● RECORDED INFORMATION:
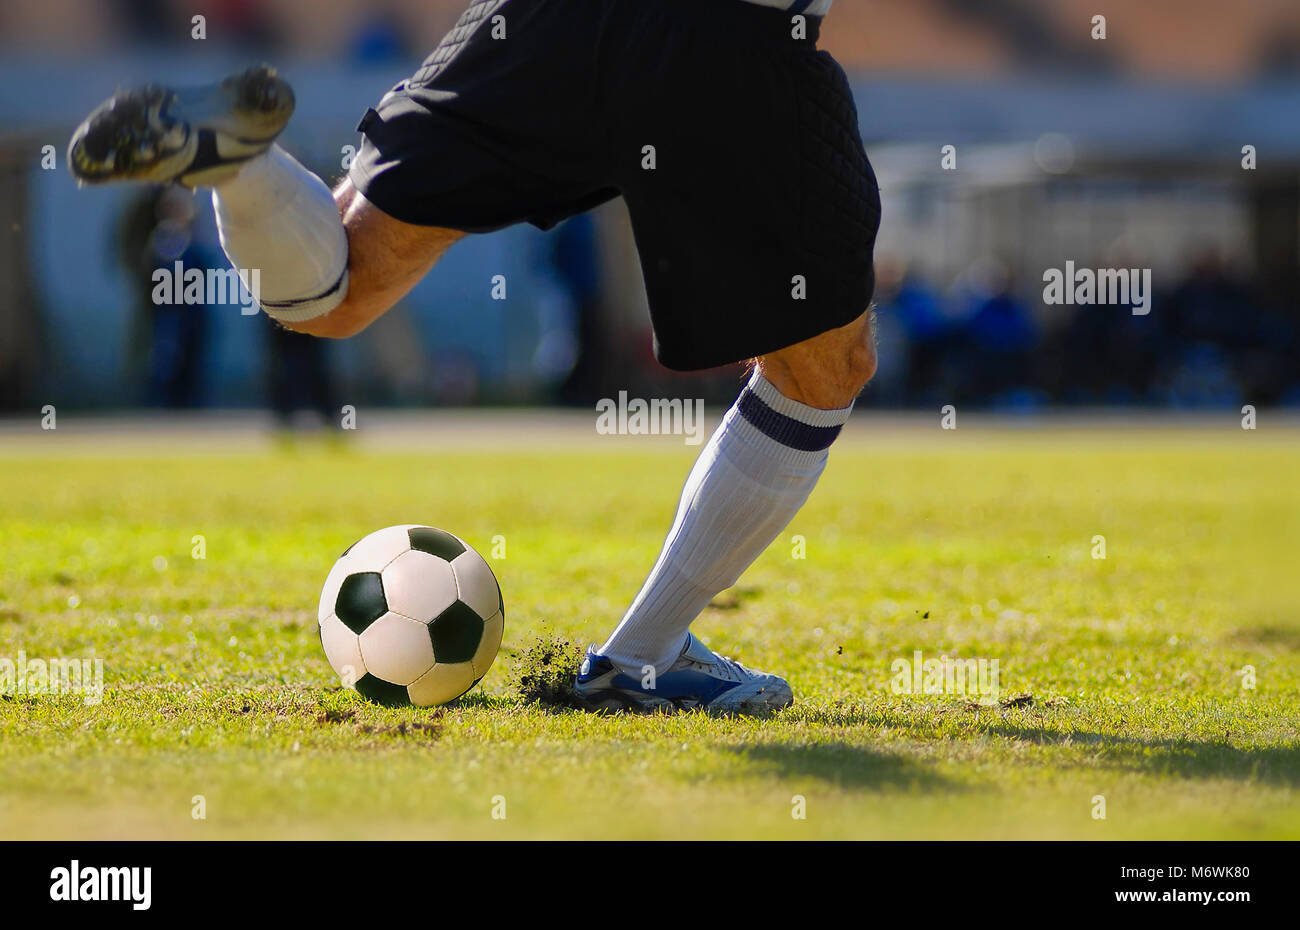 Jugador de fútbol portero patear el balón durante el partido de fútbol Foto de stock
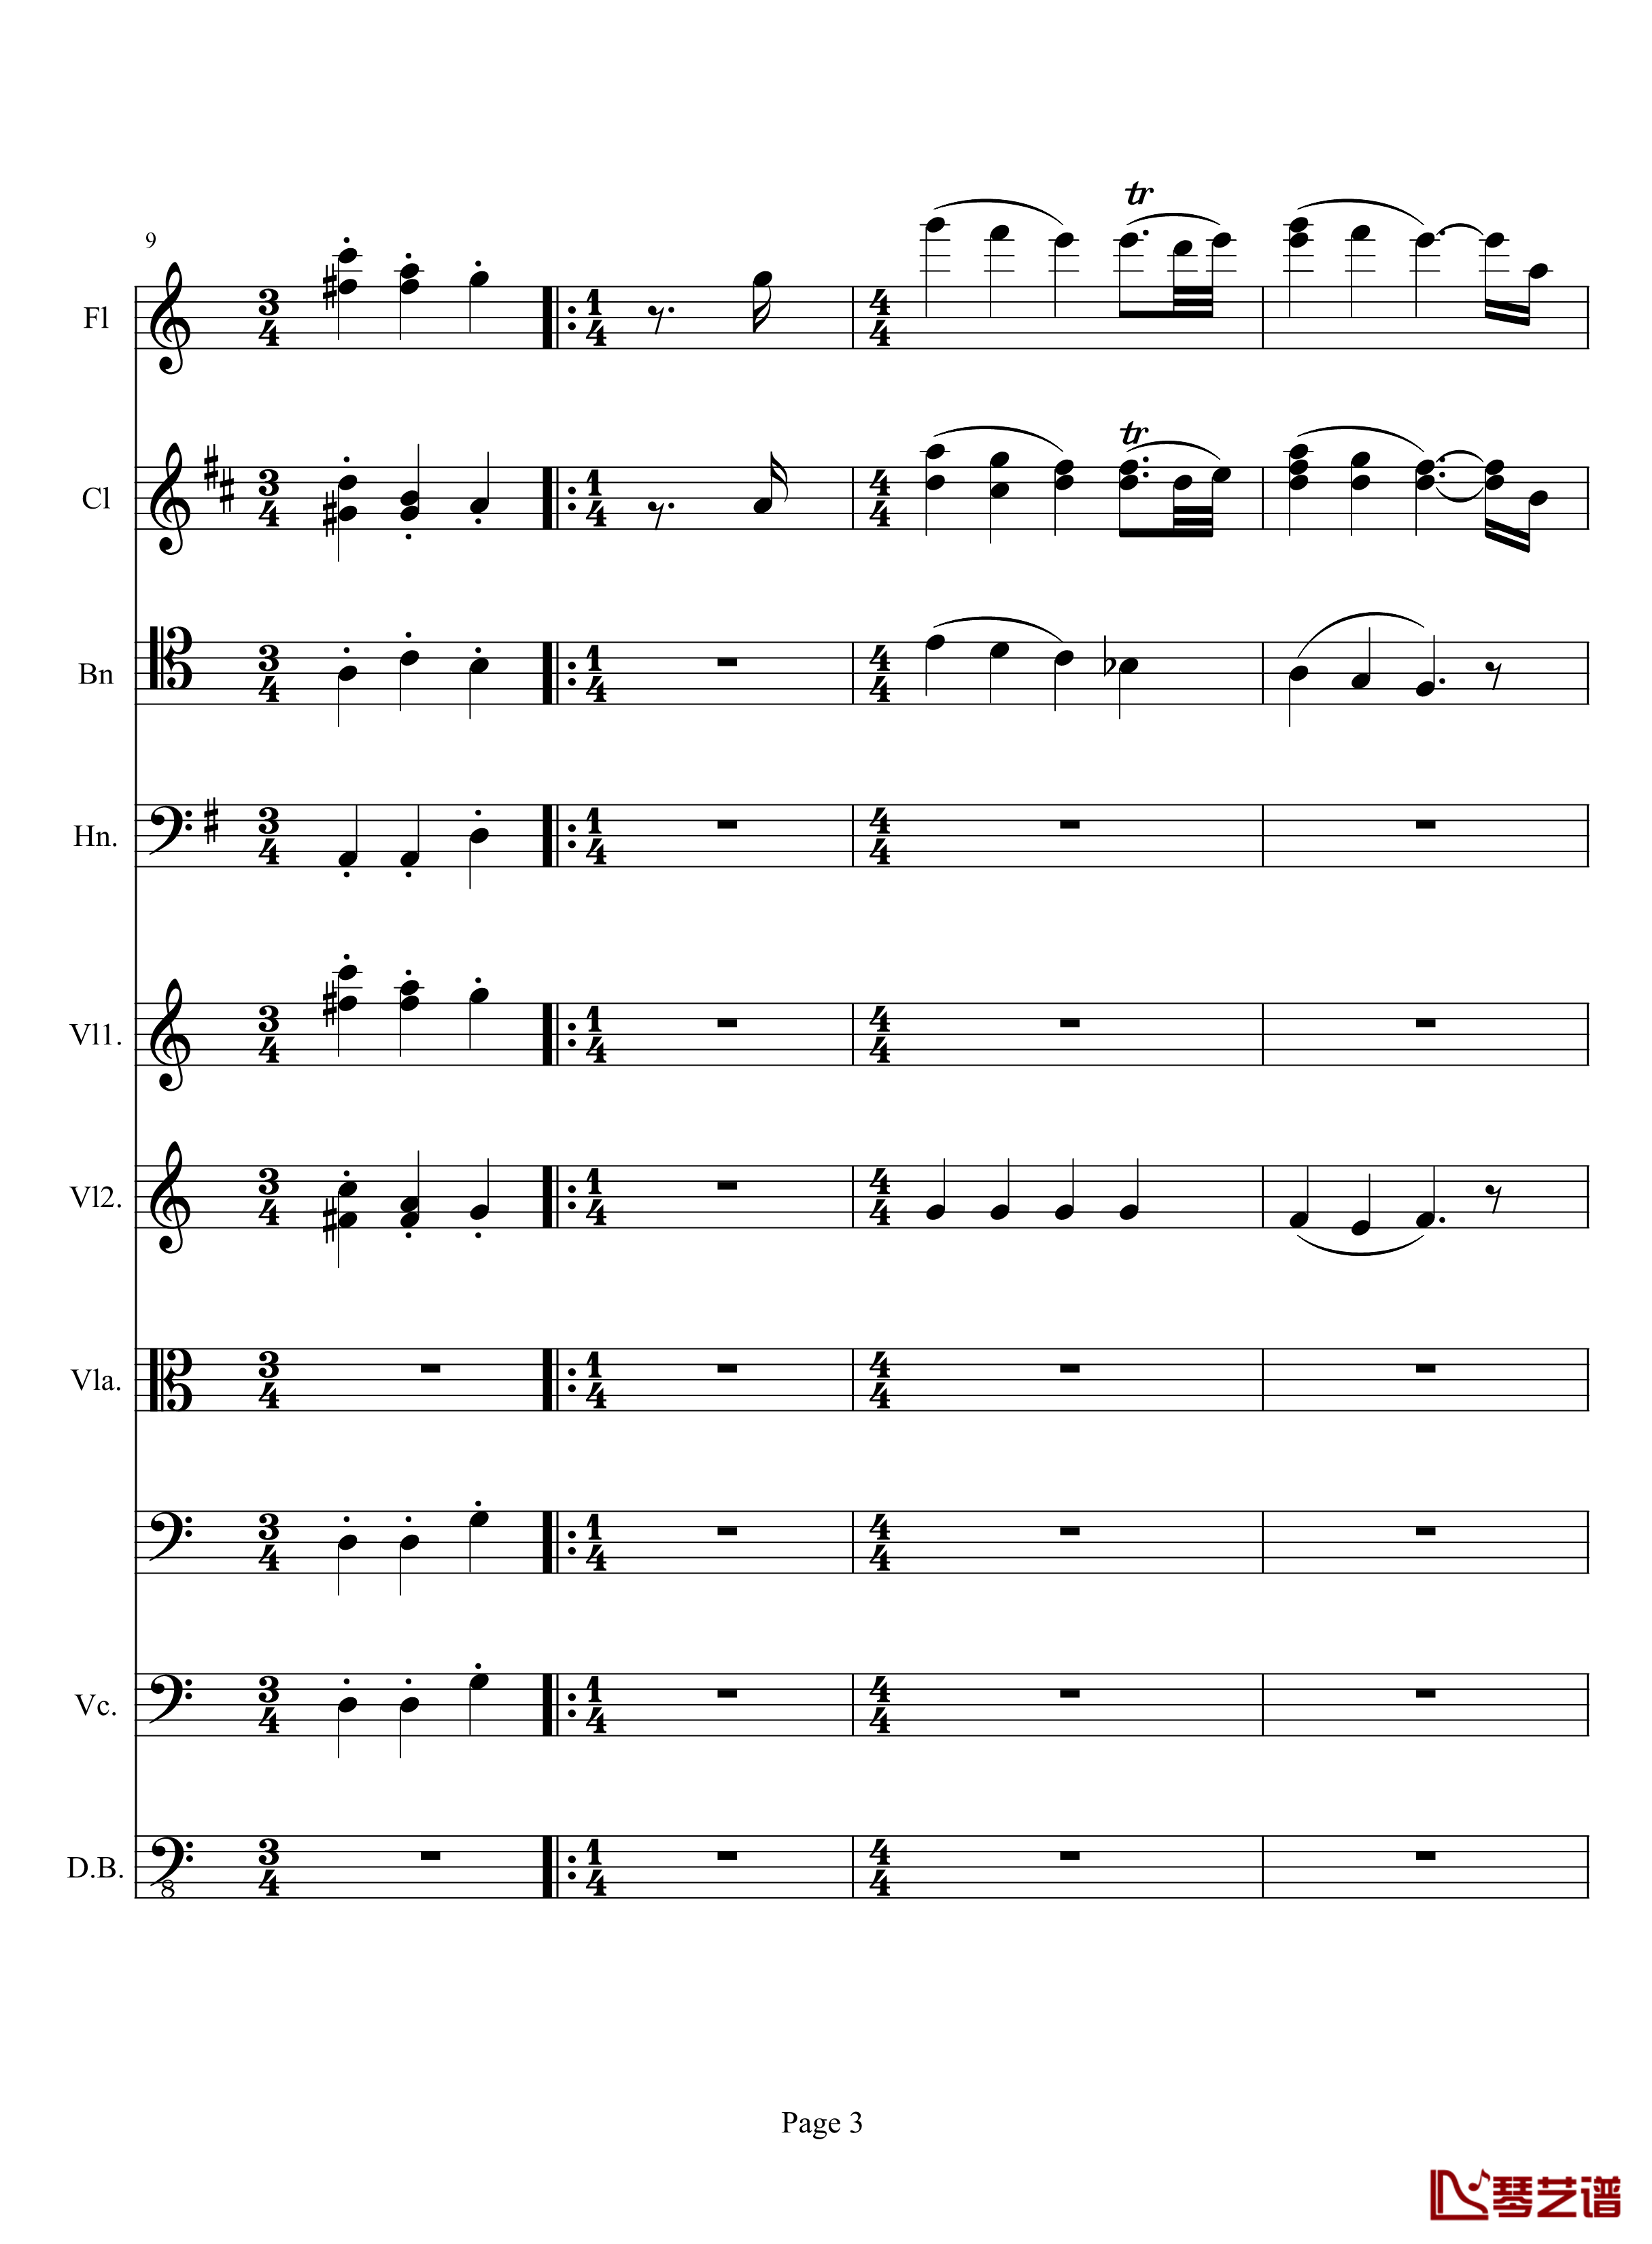 奏鸣曲之交响钢琴谱-第10首-2-贝多芬-beethoven3
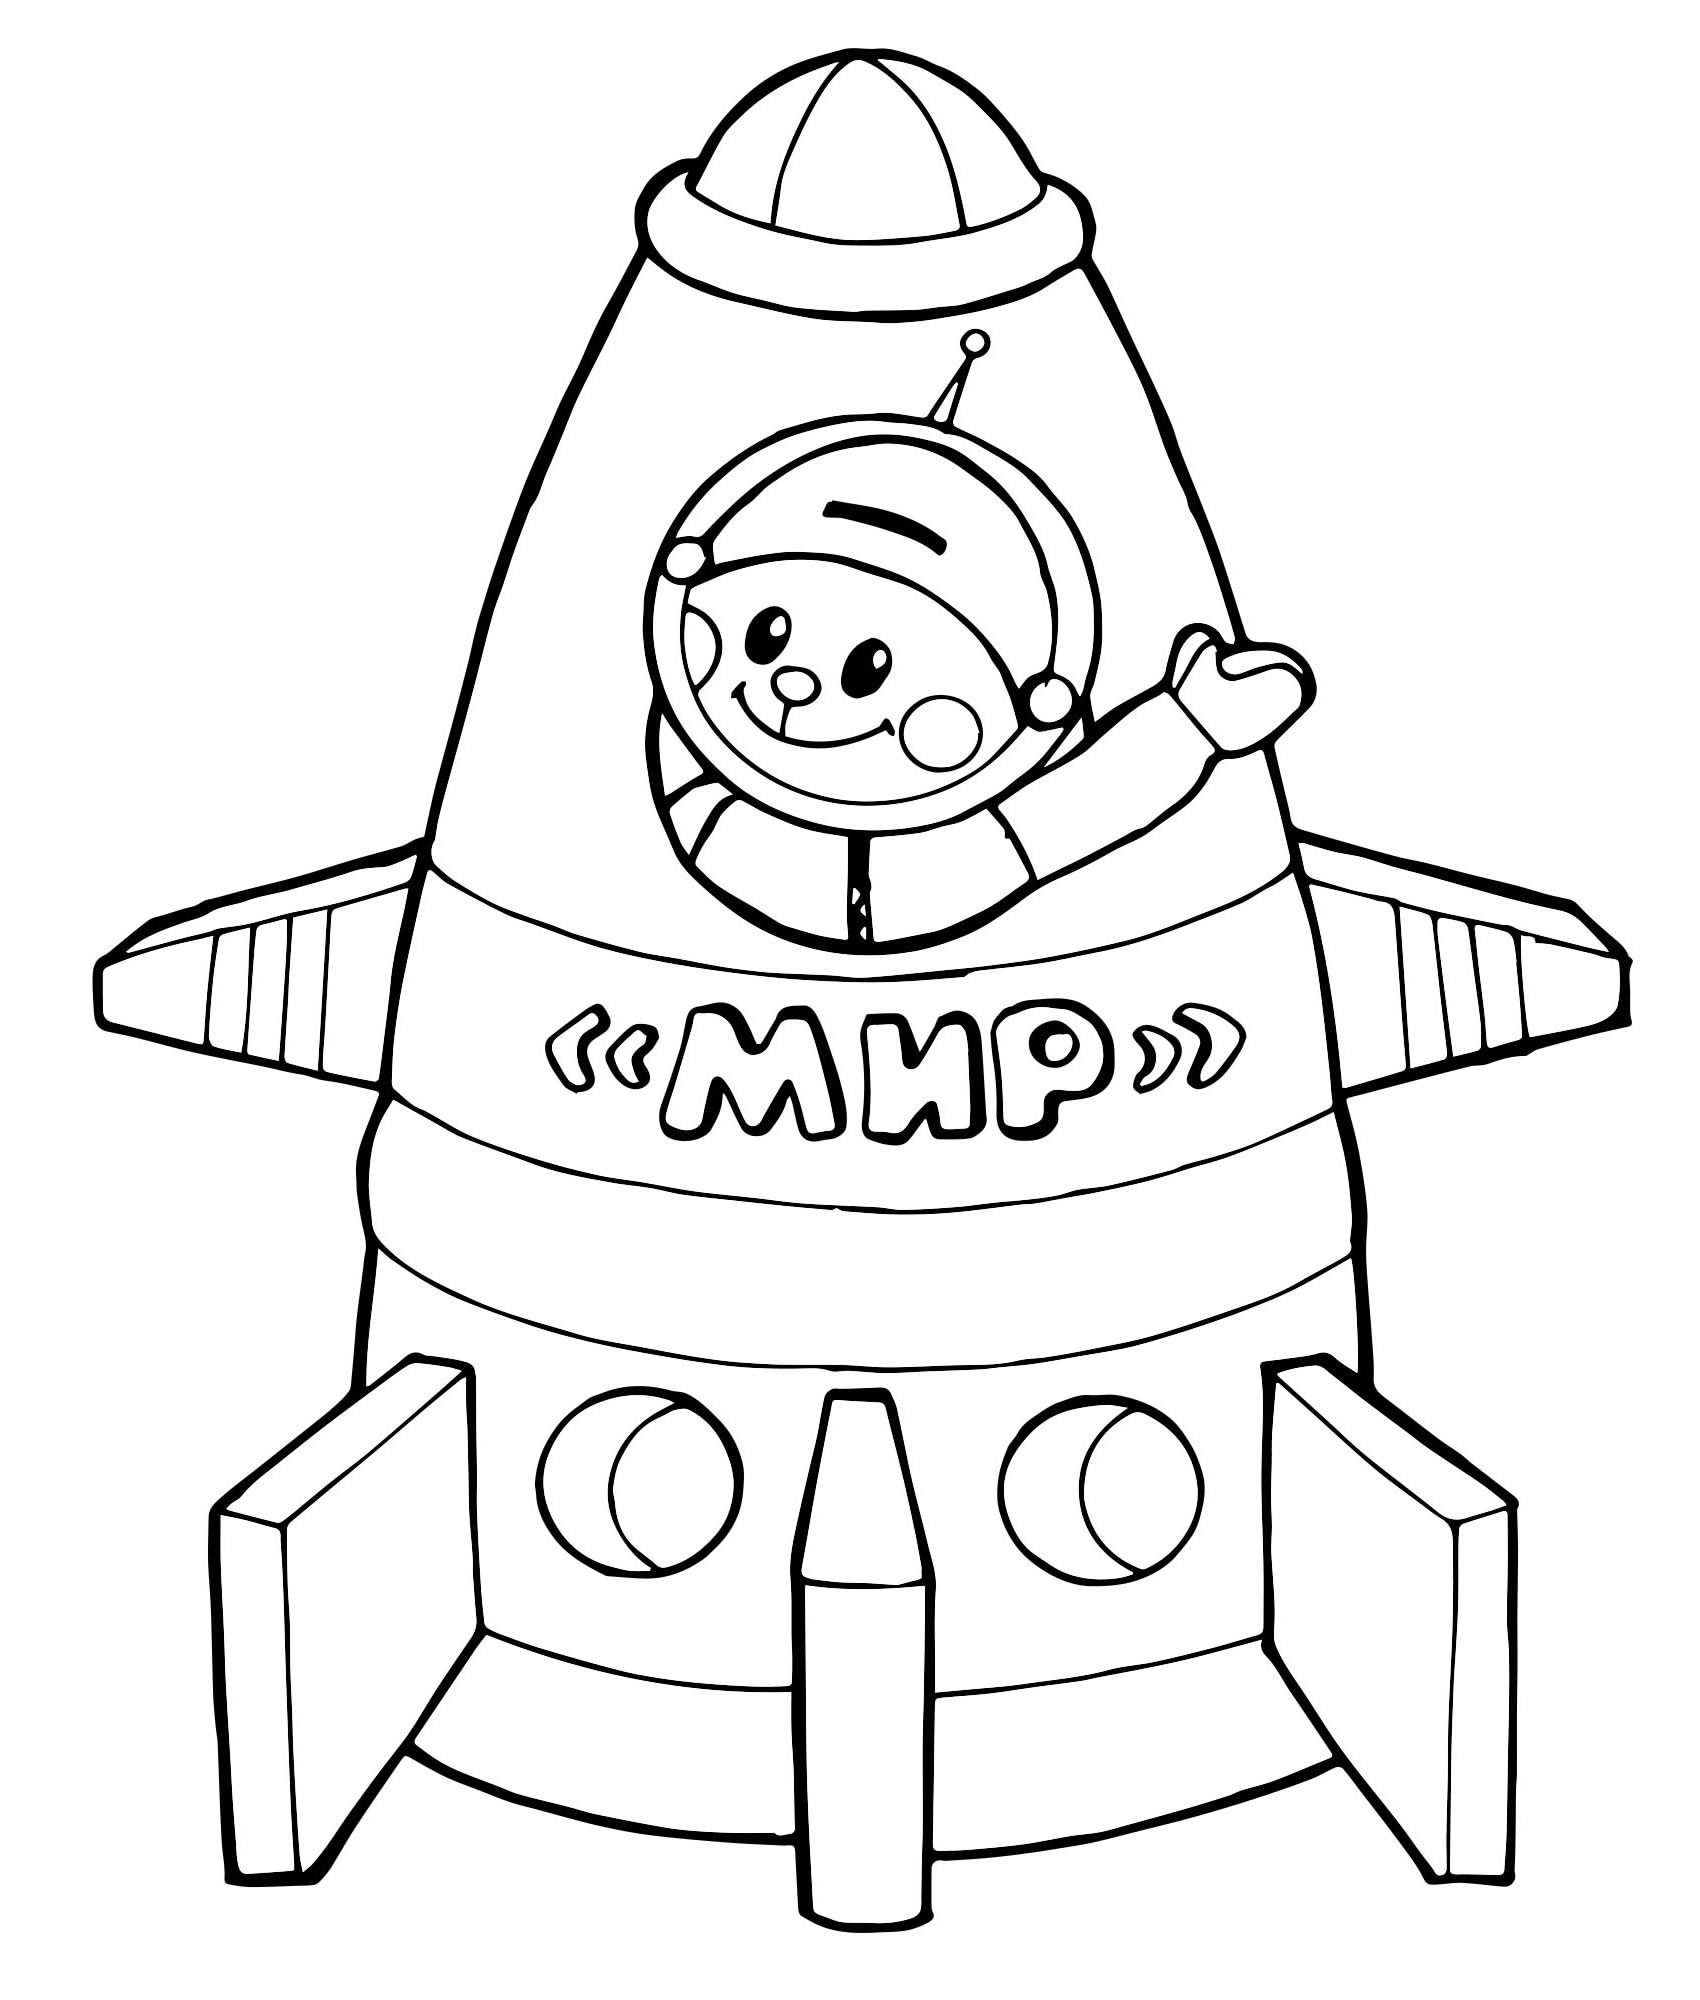 Раскраска ракета для детей 4 лет. Раскраска. В космосе. Космос раскраска для детей. Ракета раскраска. Ракета для раскрашивания для детей.

● WORK ITEM: Print out all the material word for word but exclude any images.

● TASK ANSWER:
 Jugador de fútbol portero patear el balón durante el partido de fútbol Foto de stock
 奏鸣曲之交响钢琴谱-第10首-2-贝多芬-beethoven3
 Раскраска ракета для детей 4 лет. Раскраска. В космосе. Космос раскраска для детей. Ракета раскраска. Ракета для раскрашивания для детей.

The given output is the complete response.